Beaucoup de Tunisiens conviennent que l’acquis n°1 de la révolution est la libération de la parole dans le sens où les langues se sont déliées, que les tabous ont sauté, que les interdits n’existent plus et que la liberté est devenue une pratique courante.

Mais l’accession à la liberté a un coût que les Tunisiens n’ont pas manqué de ressentir dès les premiers mois de la révolution et continuent malheureusement à en payer le prix près de huit ans après.

Il s’agit de la mauvaise pratique de la liberté dans le sens du non-respect de l’autorité de l’Etat et de l’amplification de plus en plus inquiétante des actes de violence et d’insubordination à l’encontre des représentants des autorités publiques et des agents des administrations.

Ainsi, l’autorité ou le prestige dont jouissaient auparavant les fonctionnaires (policiers, cadres médicaux, agents administratifs, enseignants, etc.) et le respect qu’ils trouvaient lors de l’exercice de leur mission auprès des citoyens ne sont plus qu’un souvenir nostalgique.

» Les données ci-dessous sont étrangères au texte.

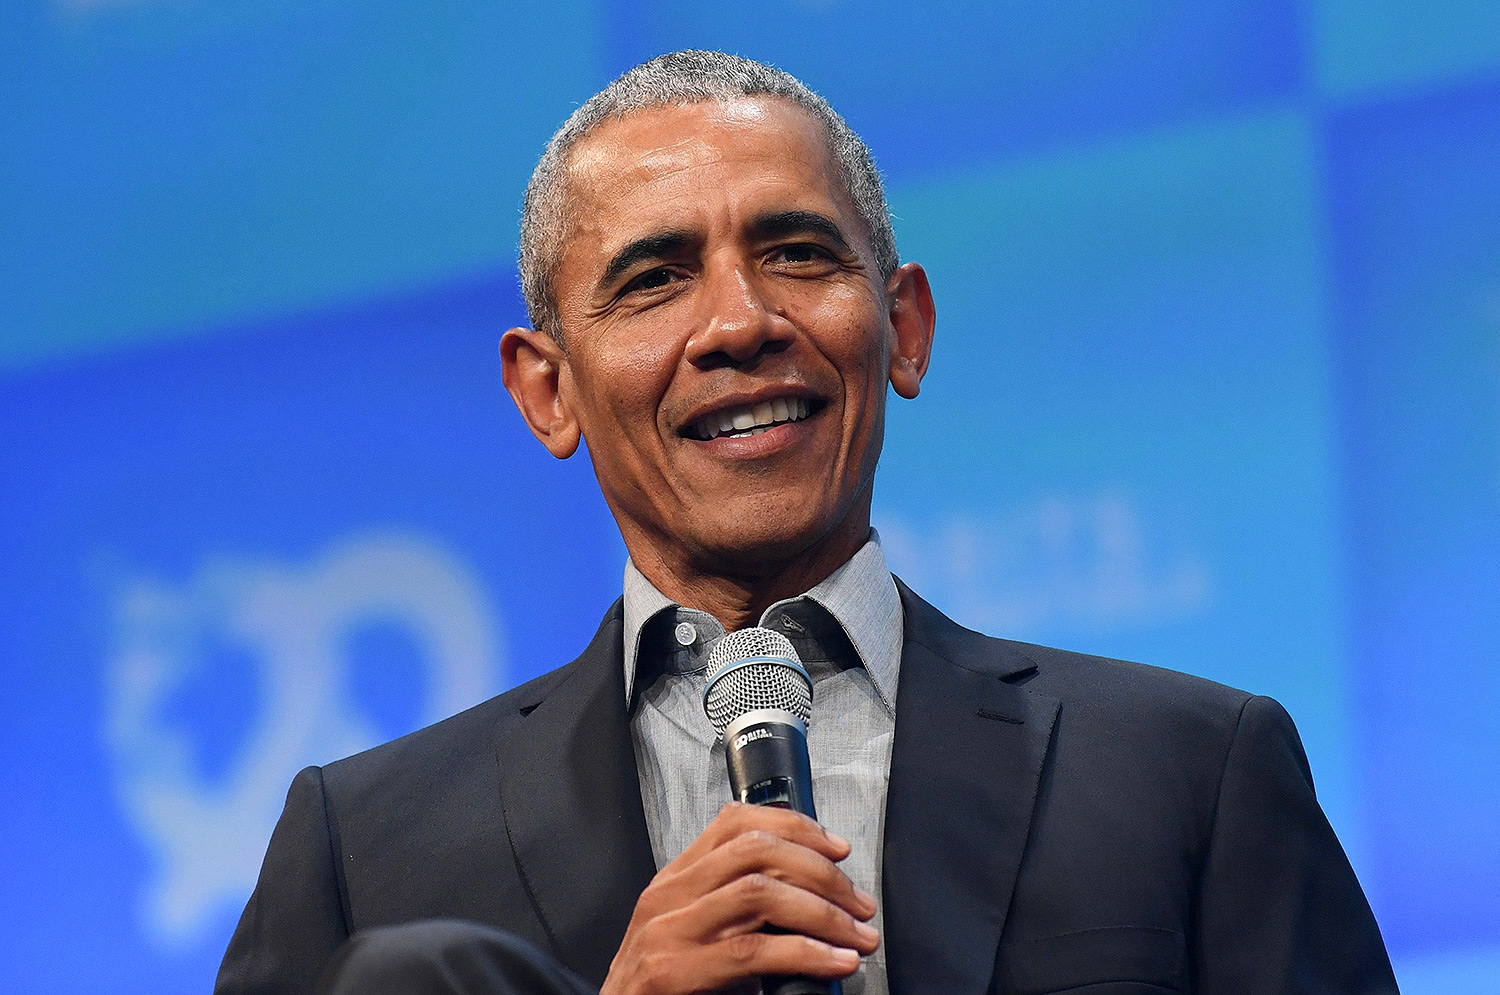 Barack Obama anuncia su apoyo a Biden

Aujourd’hui, l’agent administratif ou le fonctionnaire est quotidiennement l’objet de toutes les formes d’atteinte à sa dignité morale et de violation de son intégrité physique de la part des citoyens en contact direct avec les agents de l’Etat au sein des institutions éducatives, des hôpitaux, des bureaux de poste, etc.

Et le phénomène de la violence dont sont victimes les fonctionnaires de s’accentuer, l’insécurité dans les institutions étatiques de devenir la règle face au sentiment d’impunité ressenti par les auteurs des actes de violence et de barbarie qui ne reculent, désormais, devant aucun stratagème pour imposer leur loi.

Une réaction s’impose

Et comme l’impunité ne peut qu’encourager la propagation de la violence et des comportements inadmissibles, on apprend que l’hôpital Mahmoud-Matri à l’Ariana a été, hier, le théâtre d’un tragique incident suite à l’agression perpétrée par un patient sur un surveillant et un employé. L’agresseur est connu pour ses antécédents en matière de délinquance.

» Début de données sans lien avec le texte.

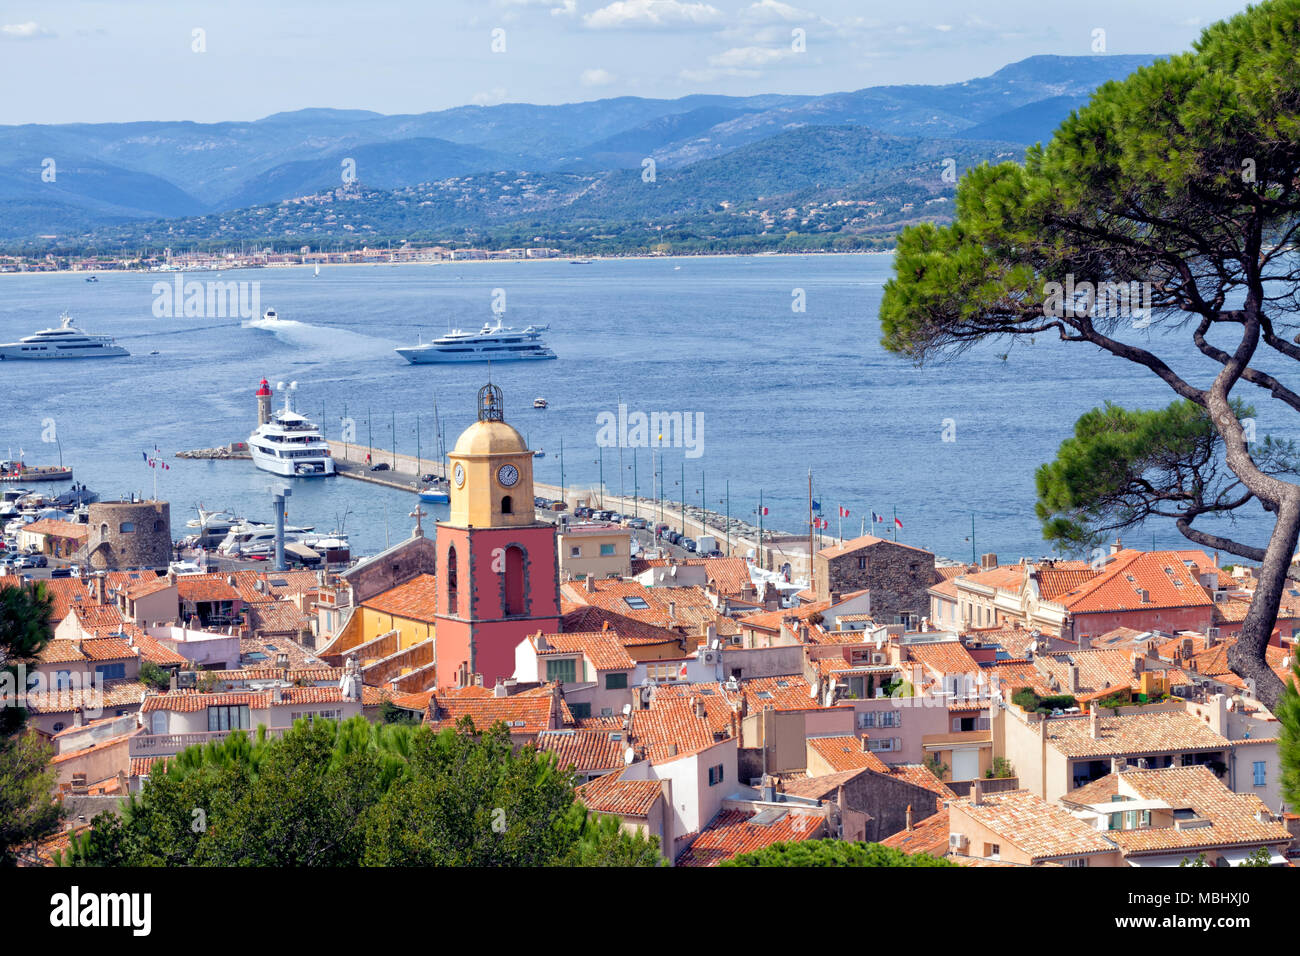 Panoramic view of Saint Tropez, Mediterranean chic fishing village in ...

La directrice de l’hôpital a déclaré que l’agresseur a été admis au service des urgences alors qu’il était blessé tout en se trouvant sous l’effet de la drogue et de l’alcool. «Le criminel a poignardé le surveillant et a blessé un autre employé au couteau avant de prendre la fuite», a-t-elle ajouté.

Quant à Sonia Ben Cheikh, ministre de la Santé par intérim, elle s’est rendue au chevet des deux victimes pour s’enquérir de leur état de santé et a promis que son département «fournira, en collaboration avec le ministère de l’Intérieur, tous les moyens pour assurer la sécurité des personnes exerçant dans les établissements de santé».

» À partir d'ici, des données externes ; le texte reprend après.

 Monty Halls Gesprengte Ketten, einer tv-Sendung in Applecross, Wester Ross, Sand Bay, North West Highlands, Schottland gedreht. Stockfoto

Dans une déclaration à l’agence TAP, la ministre a souligné qu’il n’est plus possible d’ignorer la recrudescence des agressions à l’encontre des cadres médicaux et paramédicaux et qu’il est urgent de leur fournir les conditions de sécurité auxquelles ils ont droit dans l’exercice de leurs fonctions.

Il est à préciser que l’agresseur est connu des services de sécurité de l’Ariana et qu’une descente effectuée, hier, à son domicile, a permis de découvrir 5 kilogrammes de cannabis et la somme de 25 mille dinars.